Selain di Kudus tradisi menyambut bulan suci Ramadhan juga diadakan didaerah dareah lain, diantaranya : Semarang, Jawa Tengah ada tradisi "Dugderan". Dugderan berasal dari kata dug dan der. Dug adalah suara dari bedug masjid yang ditabuh bertalu-talu sebagai tanda dimulainya puasa, der adalah suara dentuman meriam yang dulu ditembakkan secara salvo setelah bedug ditabuh. Dugderan dimulai tahun 1881 Masehi ketika Semarang diperintah oleh Kanjeng Bupati Raden Mas Tumenggung Adipati (RMTA) Purbaningrat. Pemukul bedug kala itu adalah sang adipati Semarang itu, kini dilakukan oleh Wali Kota Semarang.

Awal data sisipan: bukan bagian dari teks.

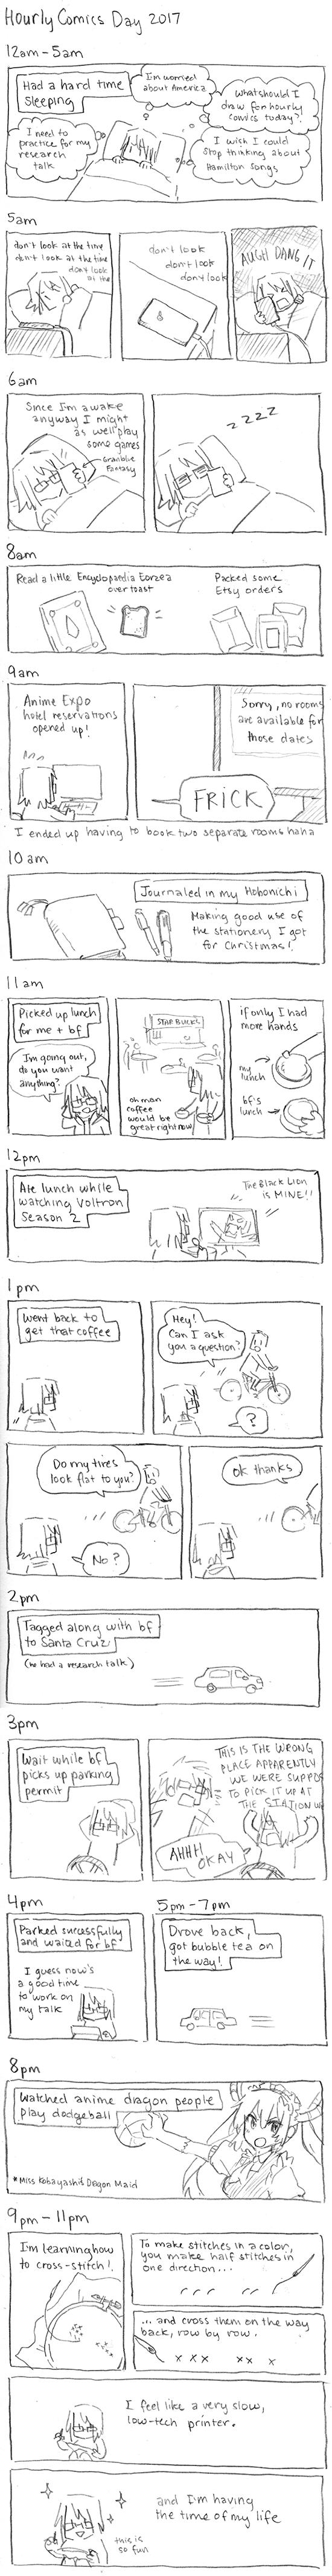 Hourly Comics Day 2017

Ada yang khas dalam dugderan, yaitu ada maskot binatang Warak. Sosok ini menyerupai kuda, naga dan ular. Badan berbentuk kuda, berleher ular, berkepala naga atau singa, berkulit sisik ular. Sosok warak memang hanya ada di Semarang. Dan dugderan tanpa warak,bukan dugderan lagi namanya. Konon, warak memiliki makna yang dalam. Warak berasal dari bahasa Arab wira’I yang berarti santun, penuh ketaatan, tidak sombong. Ada pula yang mengatakan warak berasal dari bahasa Jawa warah yang berarti petuah baik. Dua kata itu bermakna baik semua. Pesan Ramadhan adalah agar selalu berbuat baik, tidak sombong, serta berlaku santun. Pada hari yang sama, di Kabupaten Klaten, Boyolali, Salatiga, bahkan Yogyakarta, banyak umat Islam yang menyambut datangnya Ramadhan dengan cara mandi di sumber-sumber air dan kolam pemandian dalam acara ”padusan”. Makna dari padusan adalah membersihkan diri lahir dan batin untuk menyambut datangnya puasa.

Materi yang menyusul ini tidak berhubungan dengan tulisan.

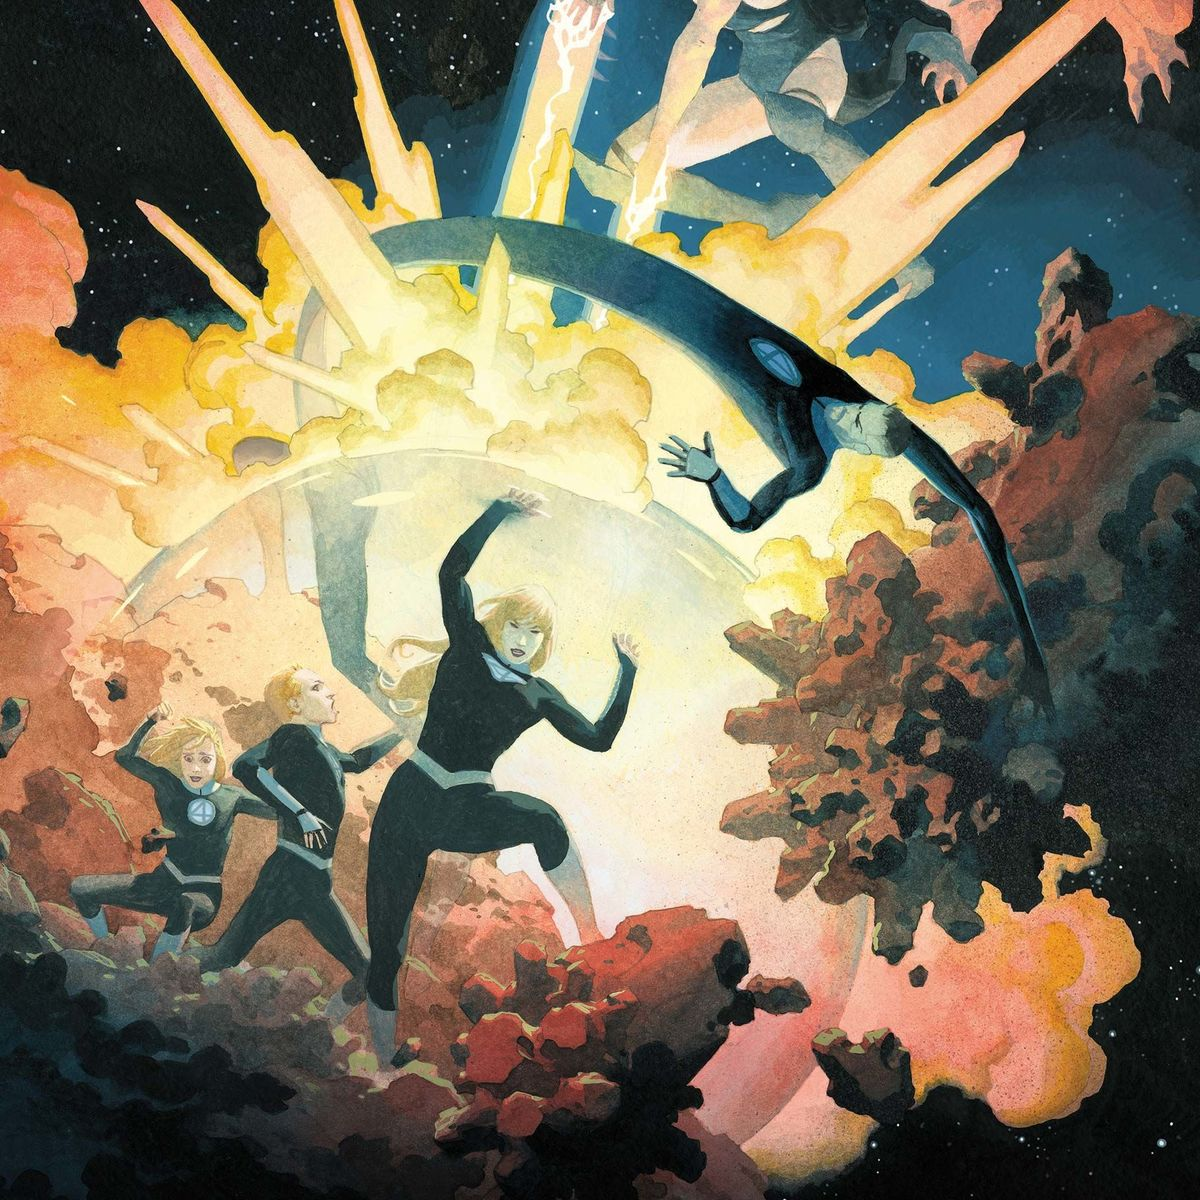 Fantastic Four #2 cover

Di Kabupaten Klaten, Boyolali, Salatiga, bahkan Yogyakarta, banyak umat Islam yang menyambut datangnya Ramadhan dengan cara mandi di sumber-sumber air dan kolam pemandian dalam acara ”padusan”. Makna dari padusan adalah membersihkan diri lahir dan batin untuk menyambut datangnya puasa.

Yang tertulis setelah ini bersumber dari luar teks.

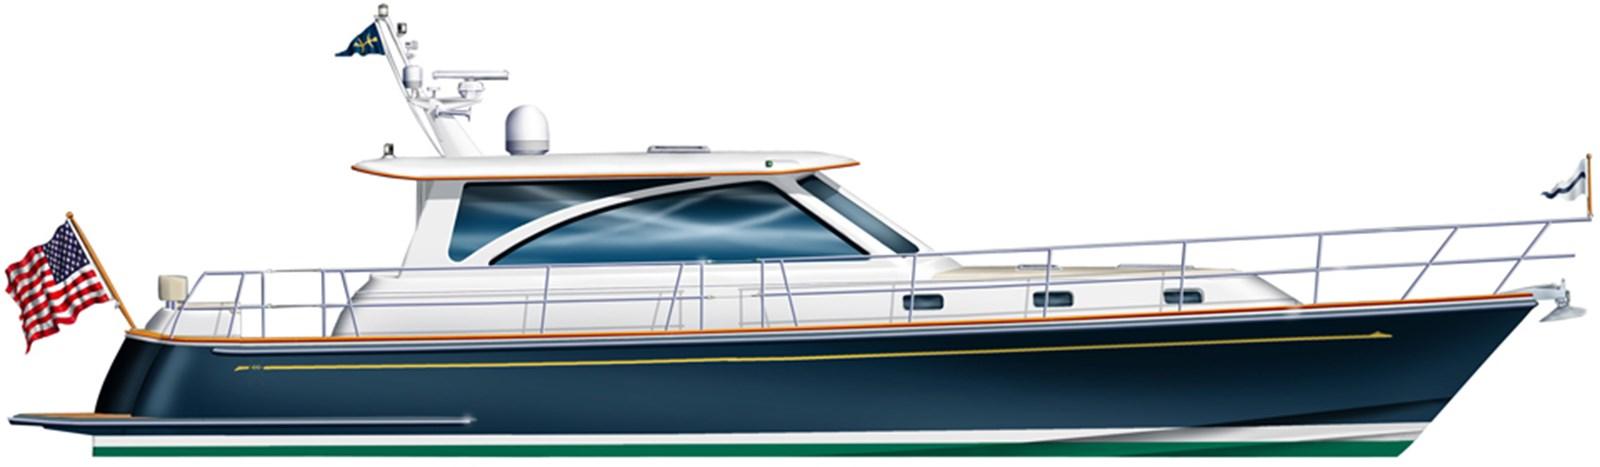 hunt-52-layout-2 2010 HUNT YACHTS Hunt 52 Motor Yacht 2852267

Di Nanggroe Aceh Darussalam (NAD) ada Tradisi "Meugang".  Meugang adalah tradisi rakyat Aceh menyambut Ramadhan dengan menyembelih lembu atau kerbau. Tradisi meugang sudah ada sejak Sultan Aceh, sekitar tahun 1.400 Masehi. Tradisi makan daging menjelang puasa, Hari Raya Idul Fitri dan Hari Raya Haji sudah mendarah daging di seluruh Aceh. Bahkan jika tidak ada uang, warga atau instansi tertentu bergotong royong mengumpulkan uang (meuripee) untuk membeli seekor kerbau. Tentu saja, ini lebih murah daripada membeli di pasar daging.  Lazimnya, janda miskin, panti asuhan, orang miskin, para dermawan, memberikan sumbangan. Intinya, selama dua hari meugang, dapur menyebarkan aroma daging. Berarti semiskin-miskin orang Aceh, paling kurang setahun tiga kali makan daging pada hari Meugang.
Di Surabaya, menjelang Ramadan ada tradisi yang disebut megengan. Konon, tradisi ini dimulai dari kawasan Ampel, di sekitar Masjid Ampel, Surabaya. Megengan ditandai dengan makan apem, semacam serabi tebal berdiameter sekitar 15 senti, dibuat dari tepung beras. Apemnya nyaris tawar, seperti kue mangkok yang dipakai warga keturunan Tionghoa untuk sembahyangan menjelang Imlek.
Diduga nama apem atau apam berasal dari kata afwan dalam bahasa Arab yang berarti maaf. Tradisi makan apem ini untuk memaknai permintaan maaf kepada sesama saudara, kerabat, dan teman. Sebetulnya, yang terjadi bukanlah sekadar tradisi makan apem, melainkan melaksanakan selamatan atau tahlilan dengan hidangan apem dan pisang raja untuk mendoakan arwah saudara dan kerabat yang telah meninggal, sekaligus minta maaf. Setelah tahlilan, apem dan pisang dibagikan kepada semua keluarga dan tetangga.
Di kalangan kaum jamaah (keturunan Arab) di lingkungan Ampel, Surabaya, apemnya dibuat dari tepung terigu, lebih besar dan tebal, rasanya pun lebih manis - disebut pukis. Ada lagi apem bentuk lain yang lebih khas Arab dan disebut camer. Camer biasanya dibuat dengan tape atau peuyeum, mungkin sekali sebagai pengganti ragi - karena di dalam tape masih ada ragi yang hidup.